Posted by: epollard1 | October 2, 2009 4:48 PM | Report abuse

I can't believe how flawed your analysis is!

Switzerland has among the highest per capita incomes.

Ergo, it is not a surprise that Switzerland spends more than other countries on healthcare expenditures.

Posted by: RandomWalk1 | October 2, 2009 4:55 PM | Report abuse

it makes complete sense. if you think you've already paid for something you are going to use it as much as possible. from the user's perspective it's nothing but sound economics. the more you pay for something the more you expect in return.

it's just like how premiums are gonna go up after creating a captive market and prohibiting cost cutting moves (prexisting etc from the insurance company perspective). why these basic observations of rational human behavior are not getting through to our congresspeople and elite gatekeepers is a continuing mystery to me.

Posted by: PindarPushkin | October 2, 2009 4:55 PM | Report abuse

Surely you can see that
- patients are not the best to judge the cost effectiveness of medical care
- the real cost of healthcare is in very expensive procedures which no one is suggesting individuals pay and which few could afford, for example, cancer treatment
- many very expensive procedures can't be shopped - if you have a heart attack, you can't start worrying about cost-effective treatment
- there is a danger individuals will be so concerned with cost they will skimp on prevention, leading to greater expense later
- in most of the developed world, patients don't have to think about costs at all, yet medical spending is much much lower than in the US.

Posted by: fuse | October 2, 2009 4:59 PM | Report abuse

>>if you think you've already paid for something you are going to use it as much as possible>>
This is only true if you like doing the thing you paid for.

Most people I know wouldn't prefer not going to a dentist because they find it uncomfortable if not scary.
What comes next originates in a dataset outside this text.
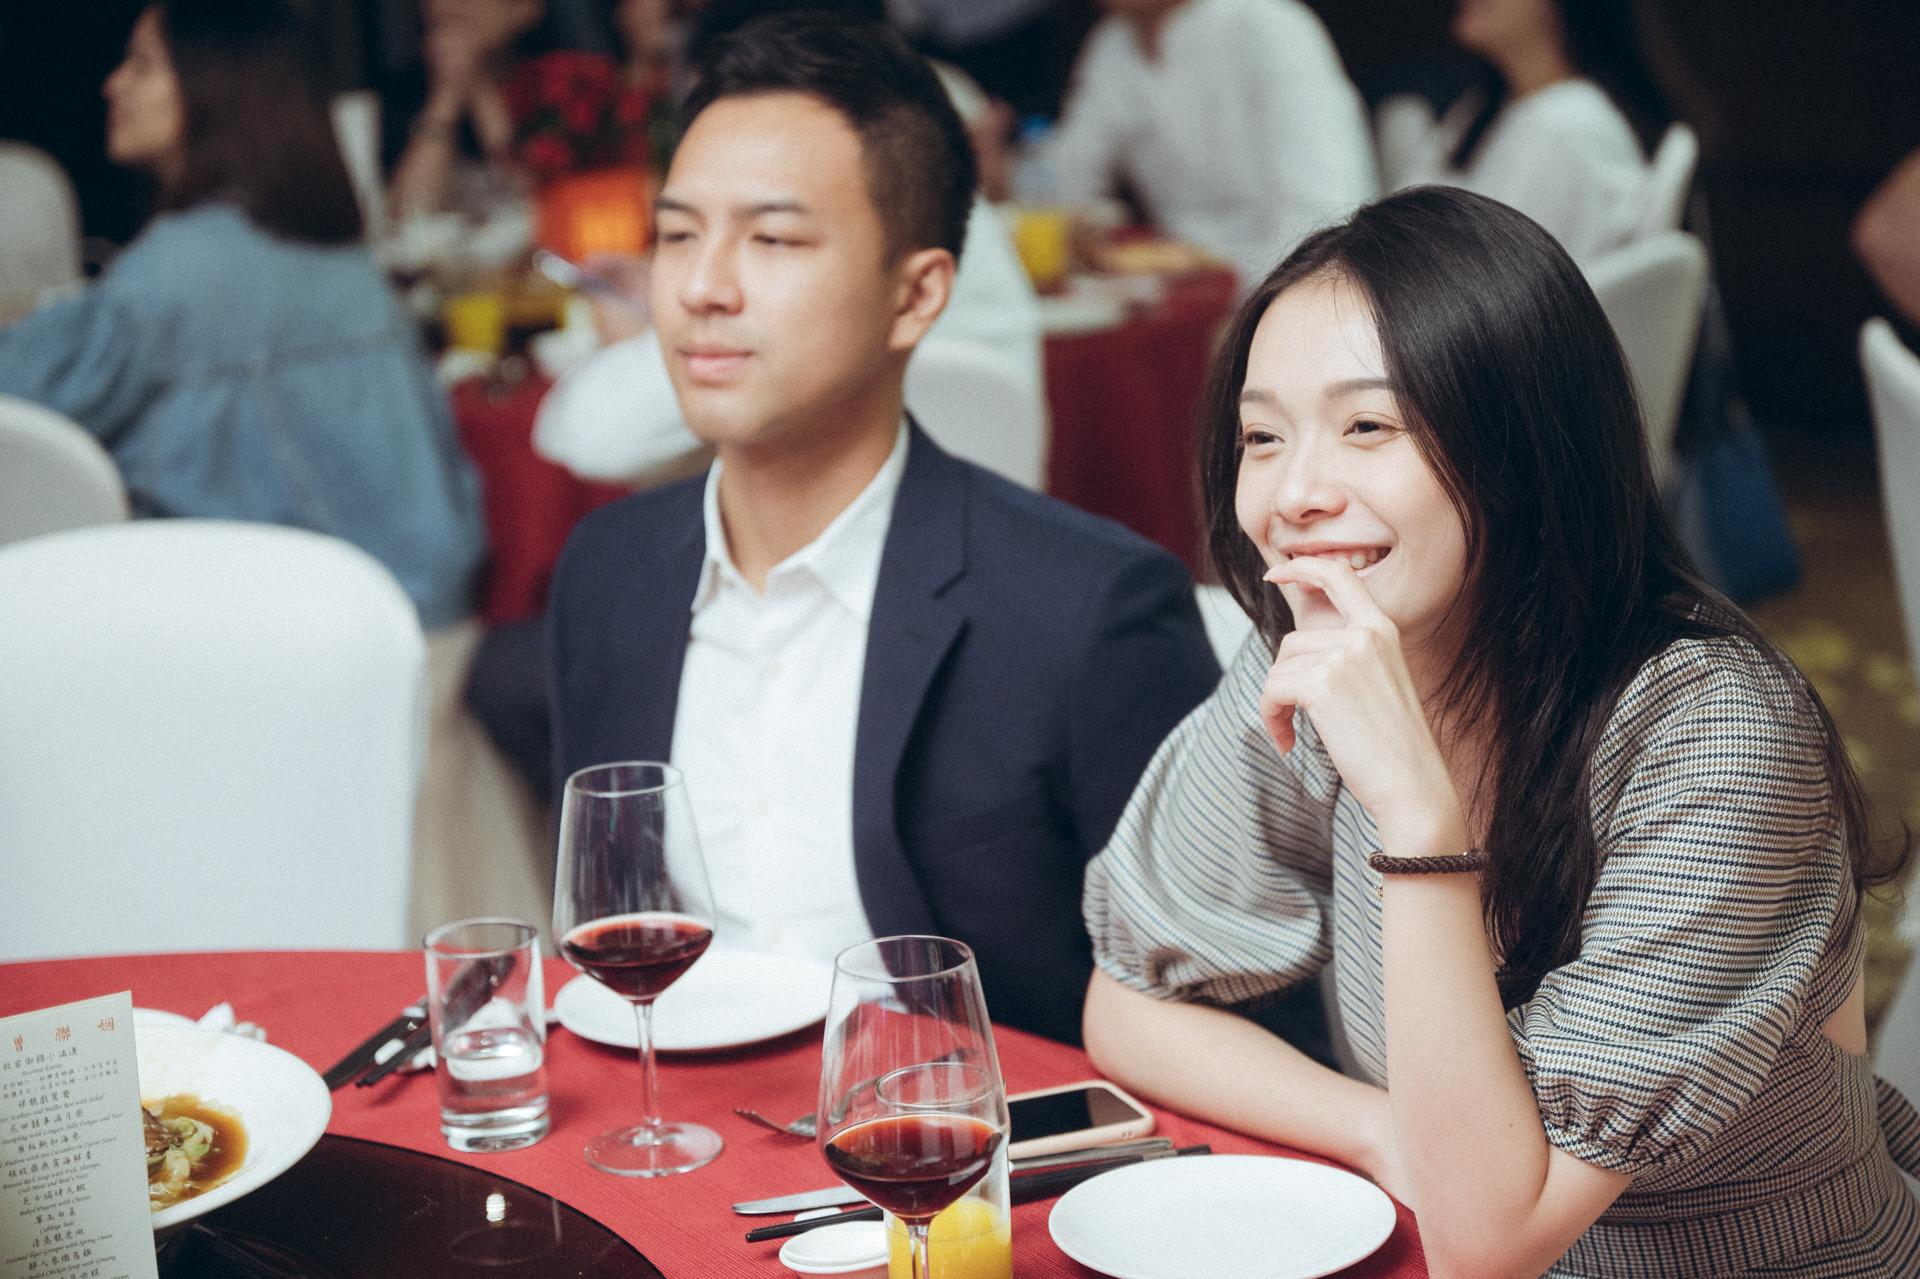 [婚禮紀錄-Fountain] 2020.10.11-台北故宮晶華

Most people I know find going to a doctor a hassle and would prefer avoiding it, not matter what it cost.

Posted by: fuse | October 2, 2009 5:24 PM | Report abuse

No the idea that higher out of pocket expenses does anything is stupid based on flawed econ 101 reasoning. People just don't go to the doctor for no reason, they go because they are sick or for preventative care. Going to the doctor even with great insurance isn't free, there's a substantial time cost which can include a substantial loss of wages.
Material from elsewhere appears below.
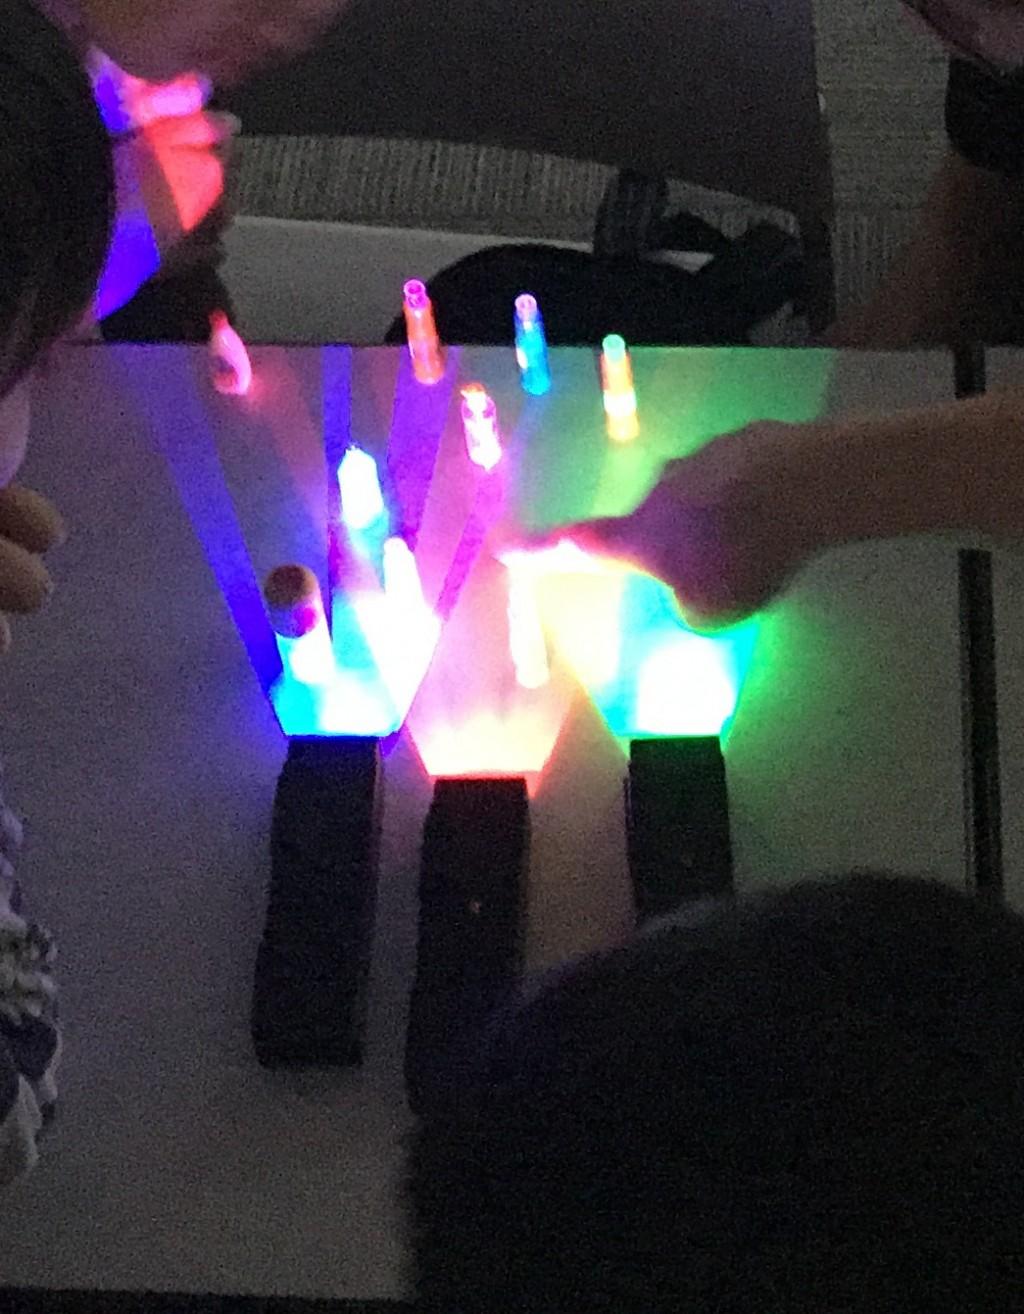 12月1日のサイエンスラボは光をテーマにした理科実験教室をご準備 いたしました。自然への興味・学び事の意義を感じ取ってもらえたらと思います。これは光の3原色についての実験です。

Posted by: endaround | October 2, 2009 5:26 PM | Report abuse

re: "this seems to be evidence that substantially public systems hold down costs much better than substantially private systems, like the Swiss system, or more starkly, the American system."
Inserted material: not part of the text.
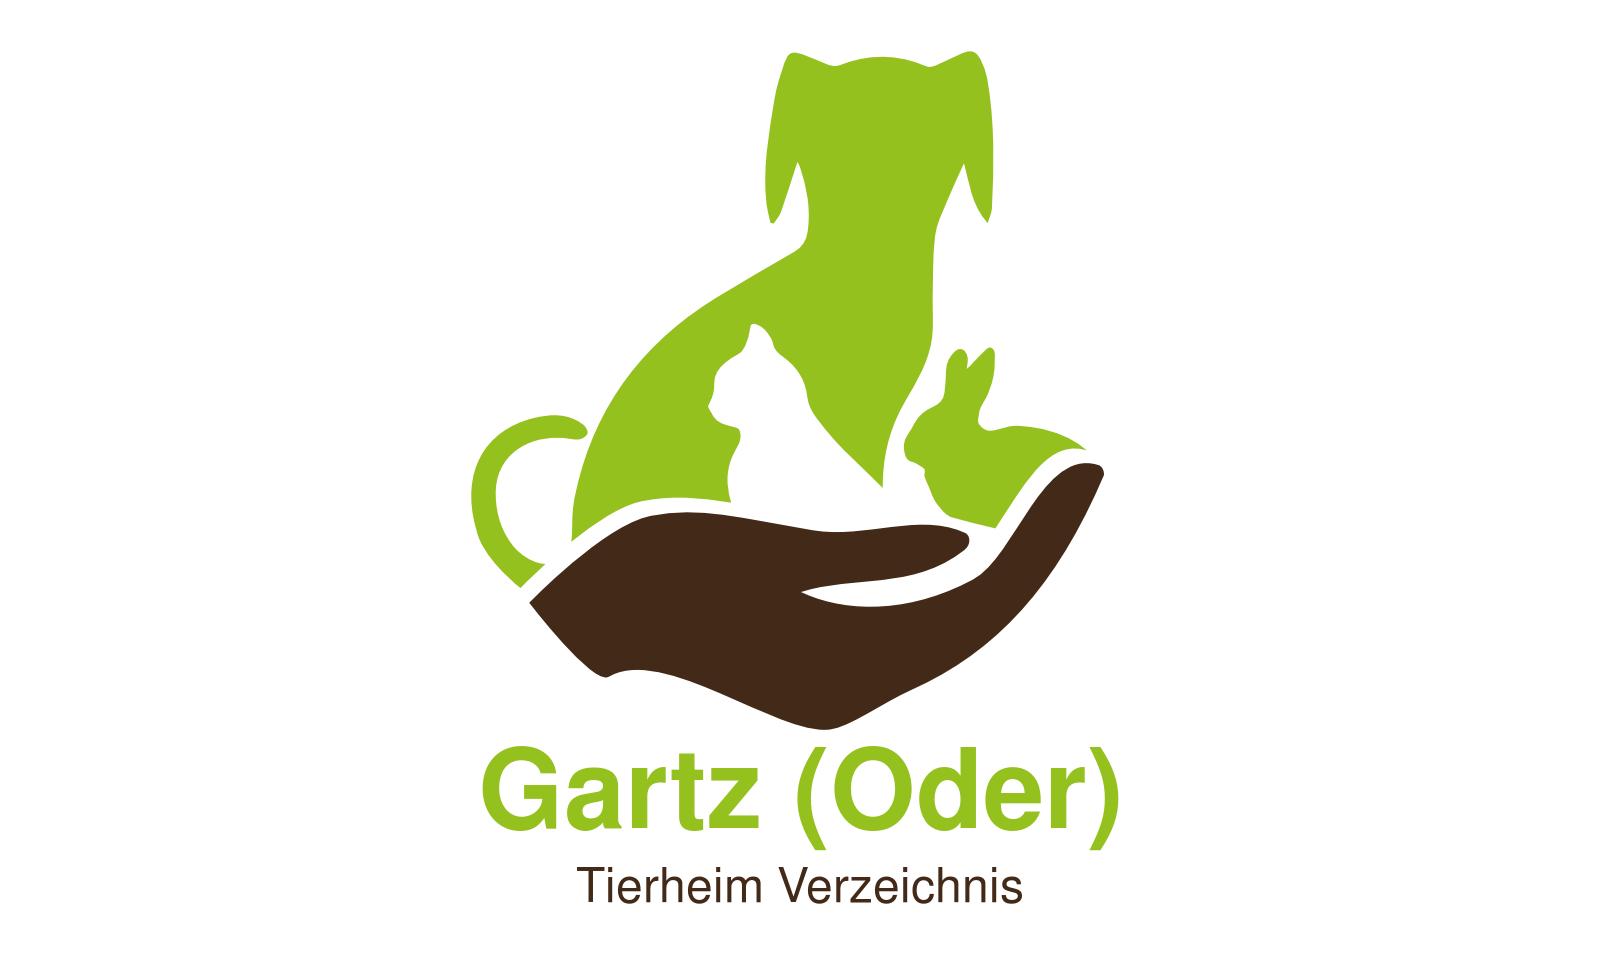 Tierheim Gartz (Oder)

The very fact you would even make such a statement implies:

1. That you know what the right amount of spending on health care should be
2. less is better.

I strongly suspect that if the Washington Post had a reporter on this beat who had a serious chronic health issues- vs. a healthy 25 year old- we would never even read such statements being made.

Posted by: mcgreivy | October 2, 2009 5:39 PM | Report abuse

1.) epollard1: the chart shows both individual and total per capita spending (hard to see, I admit, because of a poor choice of colors and the small size. It shows better blown up.) It clearly shows that your hypothesis that higher out of pocket costs lead to lower spending is wrong. There is no connection. Switzerland has the third highest per capita spending despite its high out of pocket. There is no relation whatever between out of pocket and total per capita spending, except in the dreams of armchair market economists who are unfamiliar with the real world of health care.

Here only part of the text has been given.